Last night, hubby had a "guy's night out". It was long overdue - I think the last time he really went out and cut it up was the week before Cora was born. Once a month I have a "mom's night out" with a group of friends who all have little ones. Its our way of getting out and swapping our latest mommy stories (good and bad). So, if all of the above is true, why was I so pissy that hubby went out last night? It makes no rational sense. A) the poor guy was overdue for some guy time, B) I *told* him he should go and get out with his pals, and C) when his friends suggested the strip club, hubby decided it was time for him to come home. Granted that still put him in the front door around 1:00am, but is that really so bad? I mean, he did wait until I was putting Coco down for the night before he left to begin his adventure. True, she had a tough time going to bed last night the likes of which we haven't seen in a while, but by 8:00 all was well and I should have been enjoying a quiet night all to myself. So why wasn't I?
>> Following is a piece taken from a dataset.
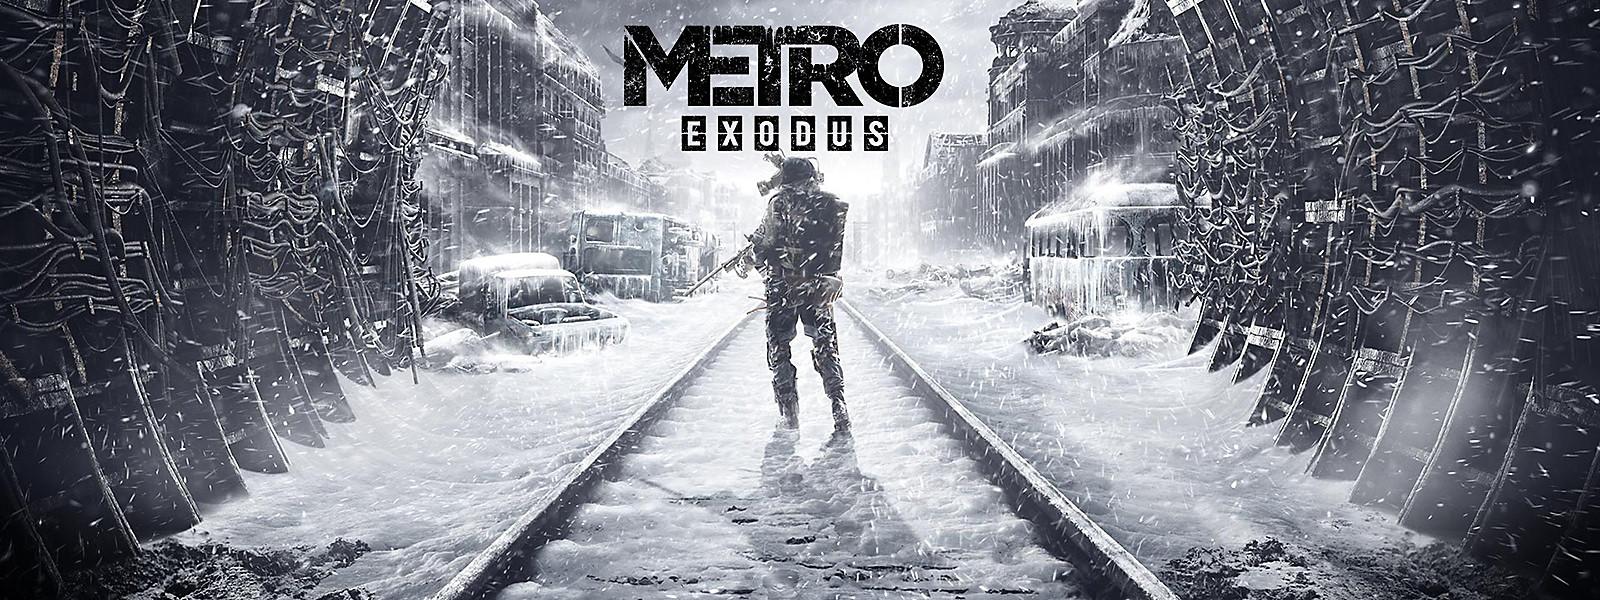 """Résultat de recherche d'images pour """"metro exodus"""""""
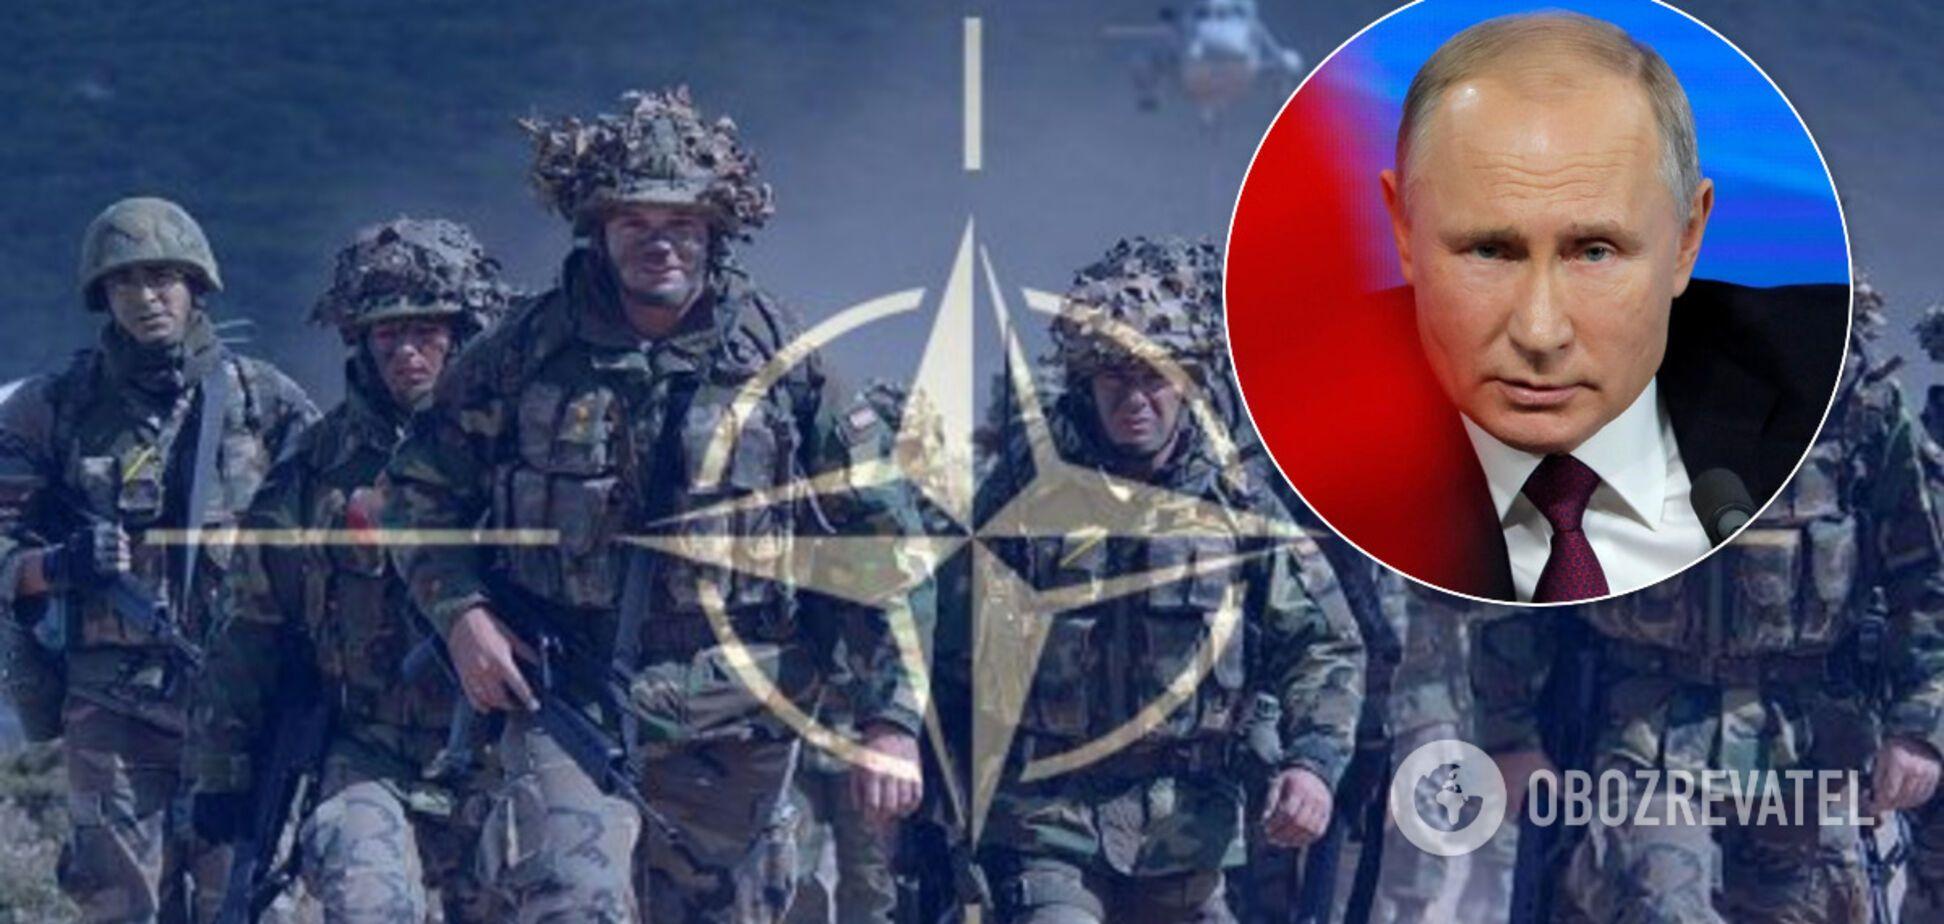 НАТО и США начинают мощные военные учения: Путин доигрался

I have no real answer for my question. First, let me say, I realize the pissiness is irrational and so never took it out on hubby (if he reads this it will likely be the first inkling he had about my feelings). The best thing I can come up with is that I am jealous that he *can* go out and party like he did. Ever since Cora came along I just can't. I know I mentioned I have "mom's night" once a month - but that usually consists of a nice dinner out with the group which puts us all home by about 9:00 if not earlier. There is no drinking (short of a glass of wine or a beer), there is no bar hopping, there is no carousing. But that is not hubby's fault or choice - it is mine. And I think that's just the issue. I don't *want* to be out until 1:00am. I want to be at home, with my family, and be there in case Coco wakes up with a tummy pain, or a bad dream. Plus, I know that the next day being hungover will not make for a pleasant day with the baby. And I think, deep down, as irrational as I know it is, I want hubby to want that too. There is a part of me that wishes he didn't still want to go out and whoop it up with the boys - that he didn't feel a need to go to the bars. But if I'm very honest, I have to think to myself that perhaps, if I would let myself let go and let hubby parent Cora as my equal, that I would feel more comfortable heading out and cutting a rug. But then I remember that no one can sing her favorite lullaby like I can - and I remember the time that hubby forgot to feed her for about 5 hours - and I settle back into my self-imposed 9:00pm curfew with quiet resignation (and perhaps a little self-righteousness).